EXERCISE DATA section start

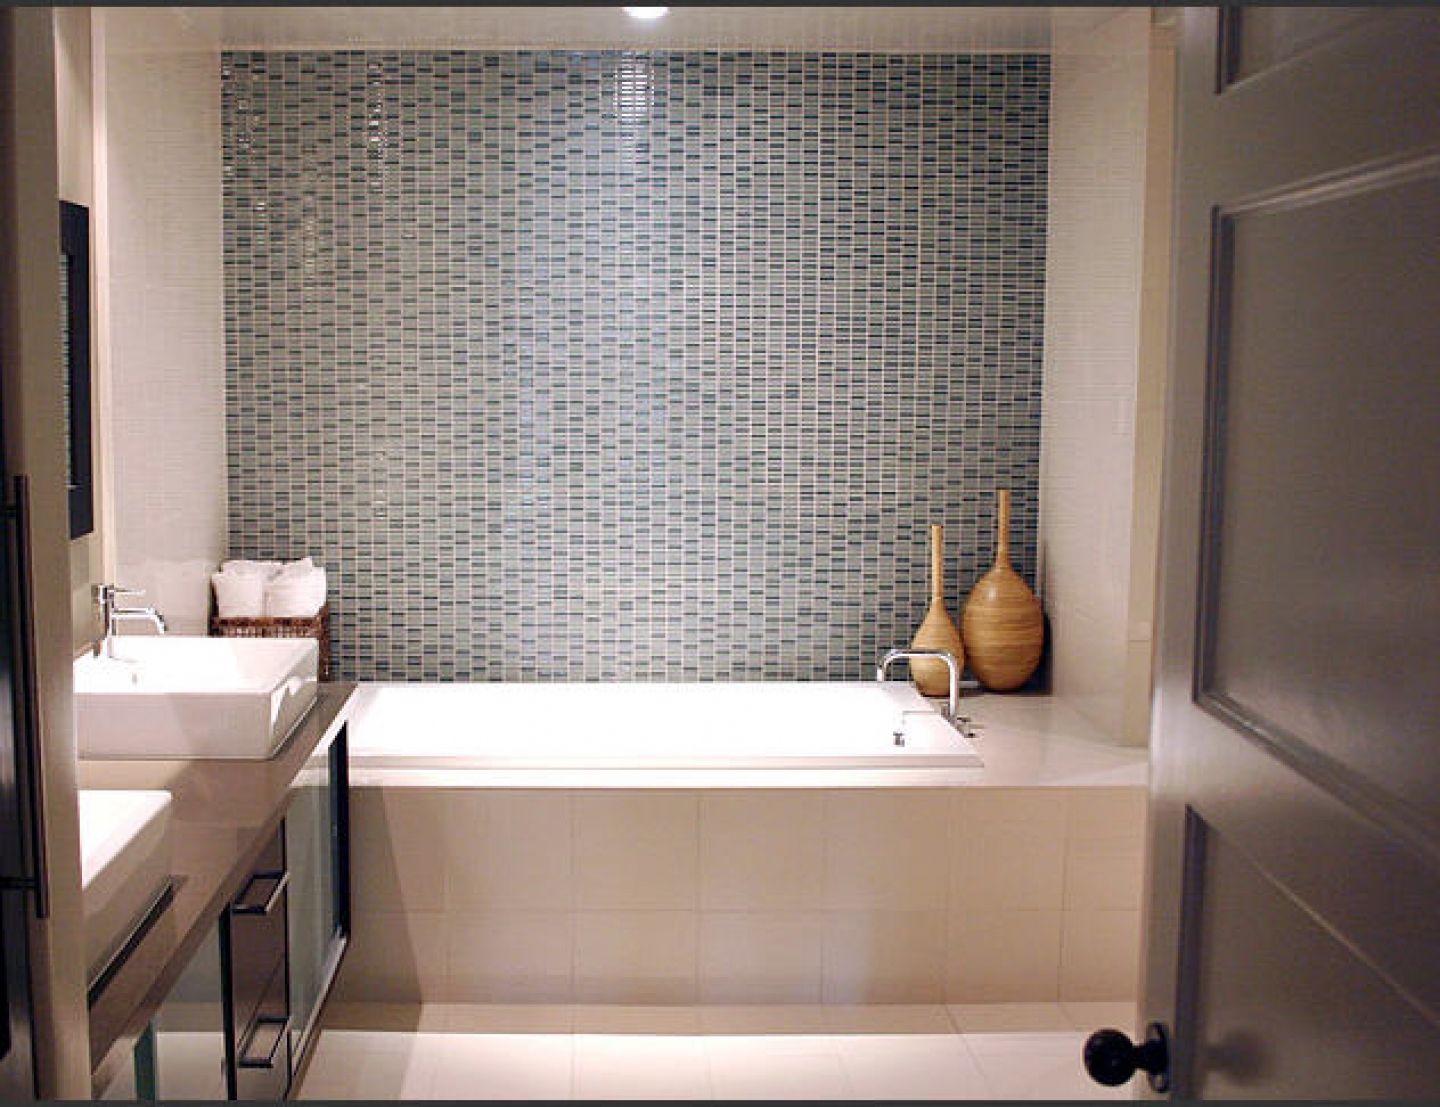 30 magnificent ideas and pictures of 1950s bathroom tiles designs
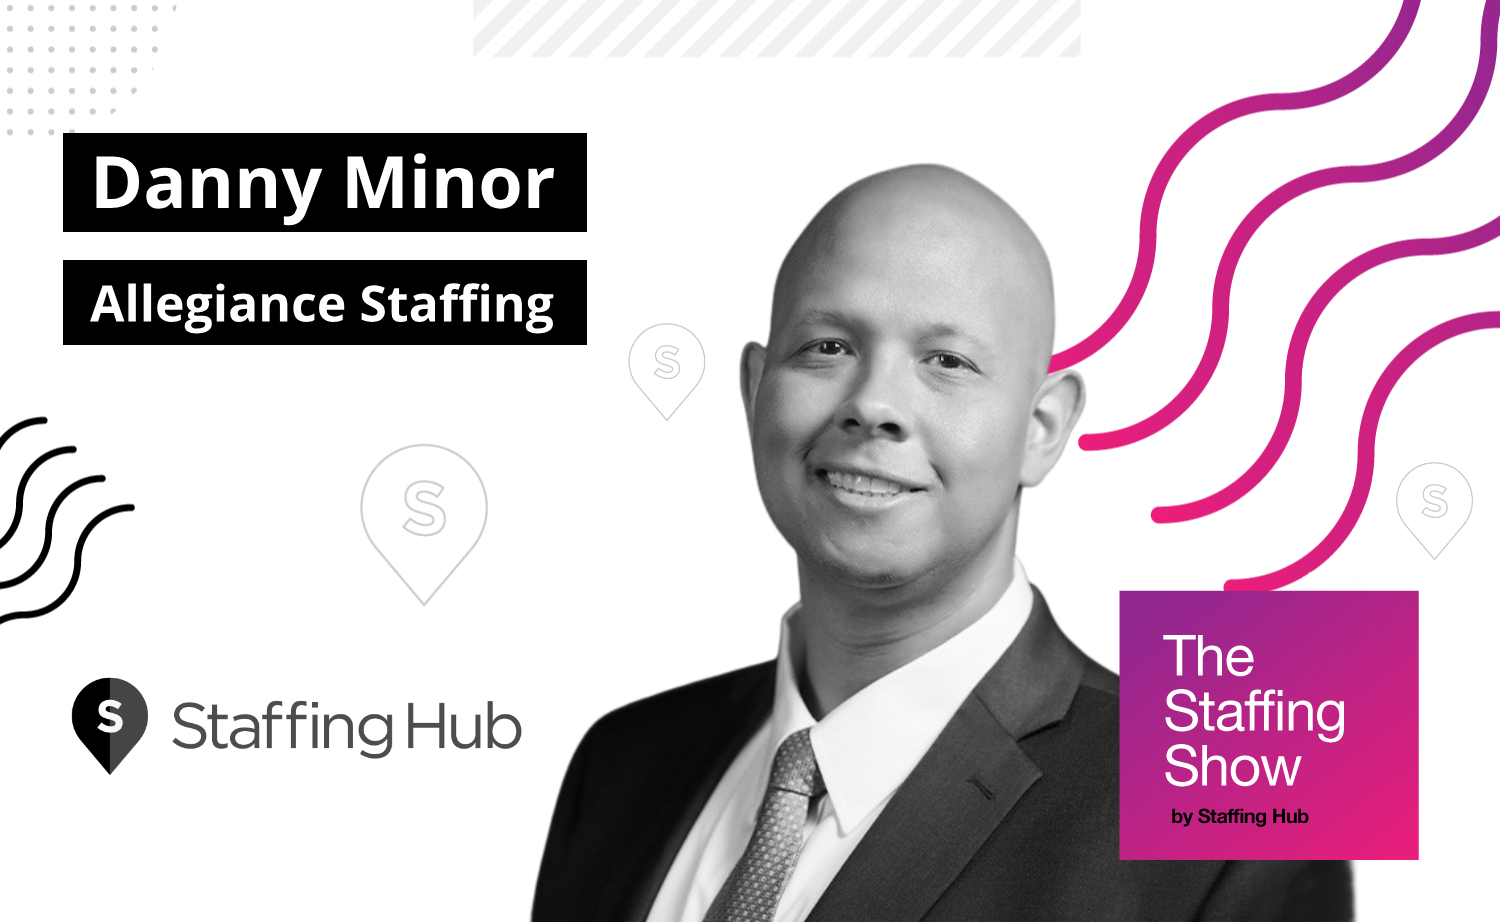 Danny Minor, President and Partner at Allegiance Staffing, on Technology in the Staffing Industry
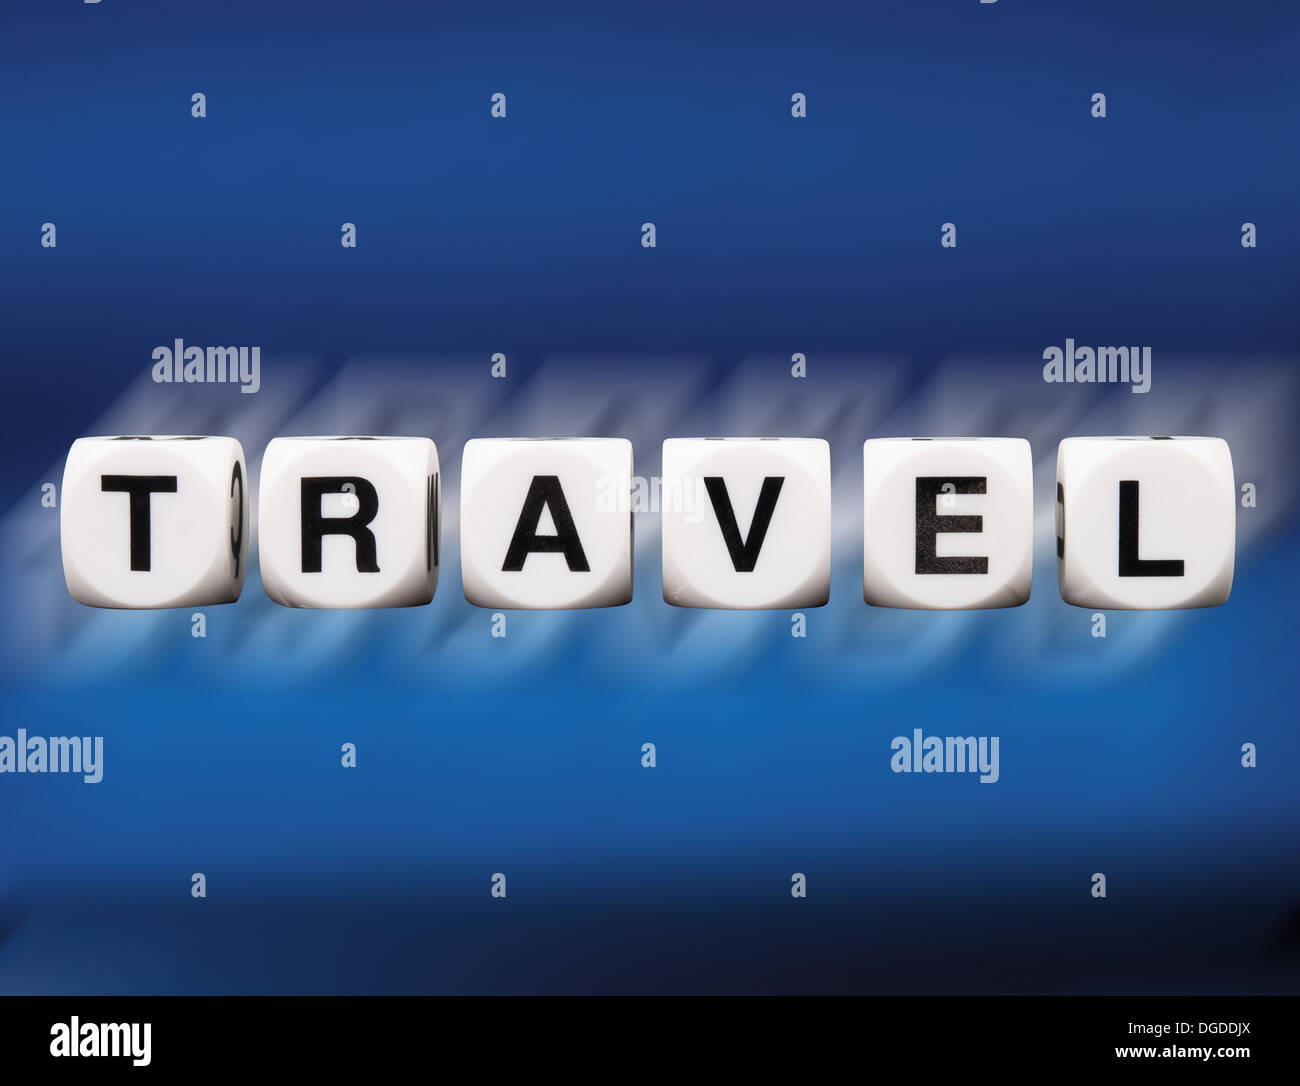 travel spelled in dice letters reflected on blue background in motion blur Stock Photo
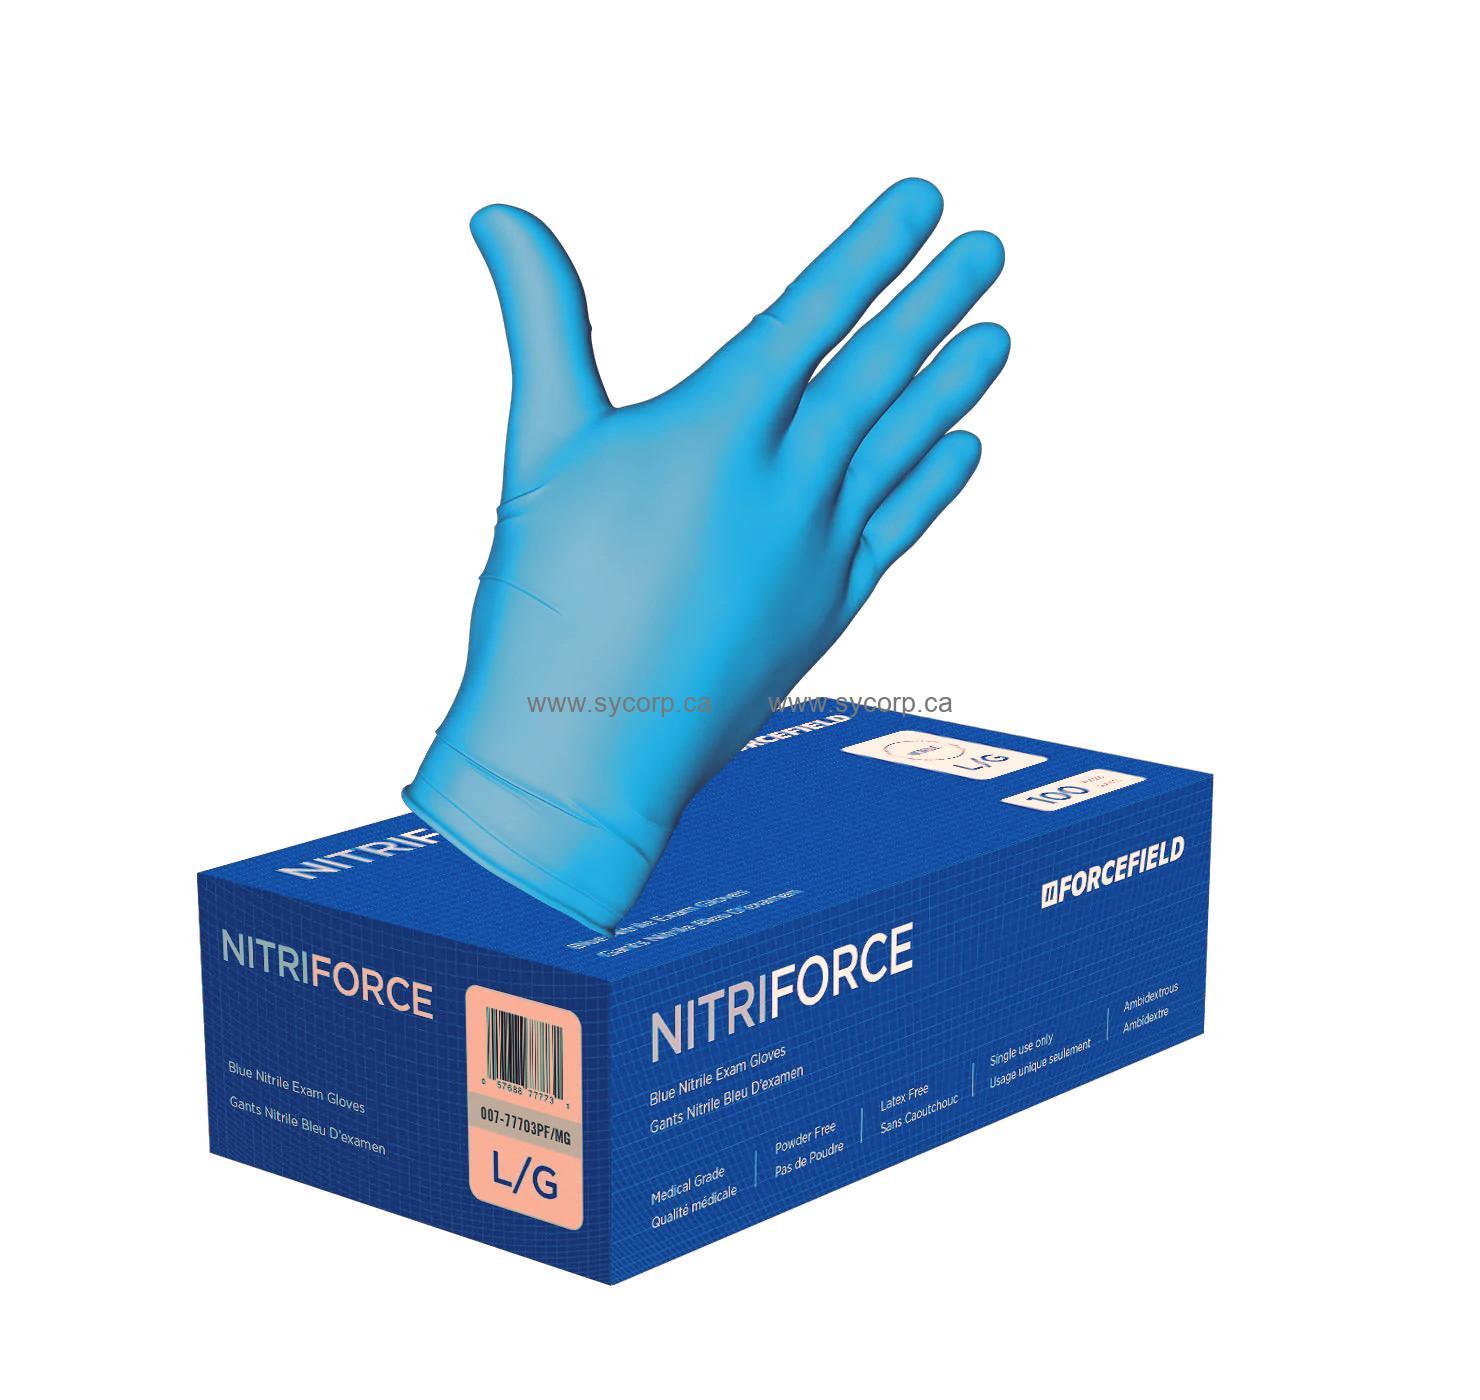 https://www.sycorp.ca/images/watermarked/1/thumbnails/1480/1400/detailed/7/007-77703pf_nitriforce_5mil_blue_nitrile_gloves_e9nu-yb.jpg

EXERCISE DATA section end

_BRIEF_
Repeat all the material exactly, but keep pictures out of the copy.

_RESPONSE_
 30 magnificent ideas and pictures of 1950s bathroom tiles designs
 Danny Minor, President and Partner at Allegiance Staffing, on Technology in the Staffing Industry
 travel spelled in dice letters reflected on blue background in motion blur Stock Photo
 https://www.sycorp.ca/images/watermarked/1/thumbnails/1480/1400/detailed/7/007-77703pf_nitriforce_5mil_blue_nitrile_gloves_e9nu-yb.jpg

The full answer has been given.